What the exercise asks - Somewhere below are a line with "SISLEY Knitted Linen" and a later line with "Desert sunrise over Merzouga.". Output exactly those lines and all lines between them.

Stored data -
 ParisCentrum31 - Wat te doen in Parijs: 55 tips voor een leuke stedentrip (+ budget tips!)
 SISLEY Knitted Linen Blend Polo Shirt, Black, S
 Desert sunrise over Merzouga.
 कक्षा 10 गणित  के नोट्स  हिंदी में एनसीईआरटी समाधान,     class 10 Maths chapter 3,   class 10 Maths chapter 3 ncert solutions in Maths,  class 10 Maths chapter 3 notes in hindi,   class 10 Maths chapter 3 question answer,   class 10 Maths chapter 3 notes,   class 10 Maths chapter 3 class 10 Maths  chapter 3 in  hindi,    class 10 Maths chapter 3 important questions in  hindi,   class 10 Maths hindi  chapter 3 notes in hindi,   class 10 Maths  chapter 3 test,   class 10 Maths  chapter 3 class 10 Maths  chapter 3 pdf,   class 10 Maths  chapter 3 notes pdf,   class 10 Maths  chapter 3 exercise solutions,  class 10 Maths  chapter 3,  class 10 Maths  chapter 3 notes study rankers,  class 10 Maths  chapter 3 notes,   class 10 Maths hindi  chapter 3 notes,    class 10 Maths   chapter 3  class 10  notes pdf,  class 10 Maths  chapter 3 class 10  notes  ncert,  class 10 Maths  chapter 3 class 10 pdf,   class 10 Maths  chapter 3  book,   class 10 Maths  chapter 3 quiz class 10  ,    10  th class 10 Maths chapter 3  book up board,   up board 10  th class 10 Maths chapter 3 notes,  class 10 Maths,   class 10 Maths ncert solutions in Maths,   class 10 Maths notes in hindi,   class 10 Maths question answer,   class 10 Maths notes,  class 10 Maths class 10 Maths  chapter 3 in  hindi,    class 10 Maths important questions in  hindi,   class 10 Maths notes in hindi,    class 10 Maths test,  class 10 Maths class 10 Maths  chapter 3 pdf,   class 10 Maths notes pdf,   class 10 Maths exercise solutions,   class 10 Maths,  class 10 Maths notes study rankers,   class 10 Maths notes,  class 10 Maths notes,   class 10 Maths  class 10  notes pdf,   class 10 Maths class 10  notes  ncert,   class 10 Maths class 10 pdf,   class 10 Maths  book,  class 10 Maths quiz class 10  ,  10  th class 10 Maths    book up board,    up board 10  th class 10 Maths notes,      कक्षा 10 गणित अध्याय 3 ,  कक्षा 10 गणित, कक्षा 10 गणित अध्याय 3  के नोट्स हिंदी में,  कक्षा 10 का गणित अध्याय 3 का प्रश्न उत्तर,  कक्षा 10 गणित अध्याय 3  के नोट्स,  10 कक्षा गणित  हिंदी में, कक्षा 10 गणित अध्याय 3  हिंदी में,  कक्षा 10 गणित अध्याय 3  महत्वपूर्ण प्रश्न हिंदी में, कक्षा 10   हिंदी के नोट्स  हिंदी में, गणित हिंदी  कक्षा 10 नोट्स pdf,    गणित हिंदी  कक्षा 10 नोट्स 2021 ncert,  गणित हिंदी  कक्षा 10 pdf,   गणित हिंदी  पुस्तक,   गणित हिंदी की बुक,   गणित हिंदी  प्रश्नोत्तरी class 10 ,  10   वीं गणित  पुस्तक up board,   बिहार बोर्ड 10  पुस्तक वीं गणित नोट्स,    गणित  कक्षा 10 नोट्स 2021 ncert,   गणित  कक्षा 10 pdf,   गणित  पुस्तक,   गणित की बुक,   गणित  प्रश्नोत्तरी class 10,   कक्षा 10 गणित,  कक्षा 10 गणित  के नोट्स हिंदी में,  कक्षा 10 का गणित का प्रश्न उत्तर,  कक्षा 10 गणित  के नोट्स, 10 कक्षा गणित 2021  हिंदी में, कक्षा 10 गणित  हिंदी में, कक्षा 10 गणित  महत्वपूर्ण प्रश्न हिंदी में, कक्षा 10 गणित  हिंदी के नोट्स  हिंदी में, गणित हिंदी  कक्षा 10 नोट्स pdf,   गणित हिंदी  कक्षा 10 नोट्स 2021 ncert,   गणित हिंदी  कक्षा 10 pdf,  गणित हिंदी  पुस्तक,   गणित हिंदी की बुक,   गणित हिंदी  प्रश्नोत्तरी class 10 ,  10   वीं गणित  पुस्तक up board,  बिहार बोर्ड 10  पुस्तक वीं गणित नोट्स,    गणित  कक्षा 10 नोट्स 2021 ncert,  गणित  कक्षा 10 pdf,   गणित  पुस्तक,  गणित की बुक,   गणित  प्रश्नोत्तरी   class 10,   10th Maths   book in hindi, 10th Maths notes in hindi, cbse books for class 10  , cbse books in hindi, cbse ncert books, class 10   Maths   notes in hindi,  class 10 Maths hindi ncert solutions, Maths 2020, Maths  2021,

Reply -
 SISLEY Knitted Linen Blend Polo Shirt, Black, S
 Desert sunrise over Merzouga.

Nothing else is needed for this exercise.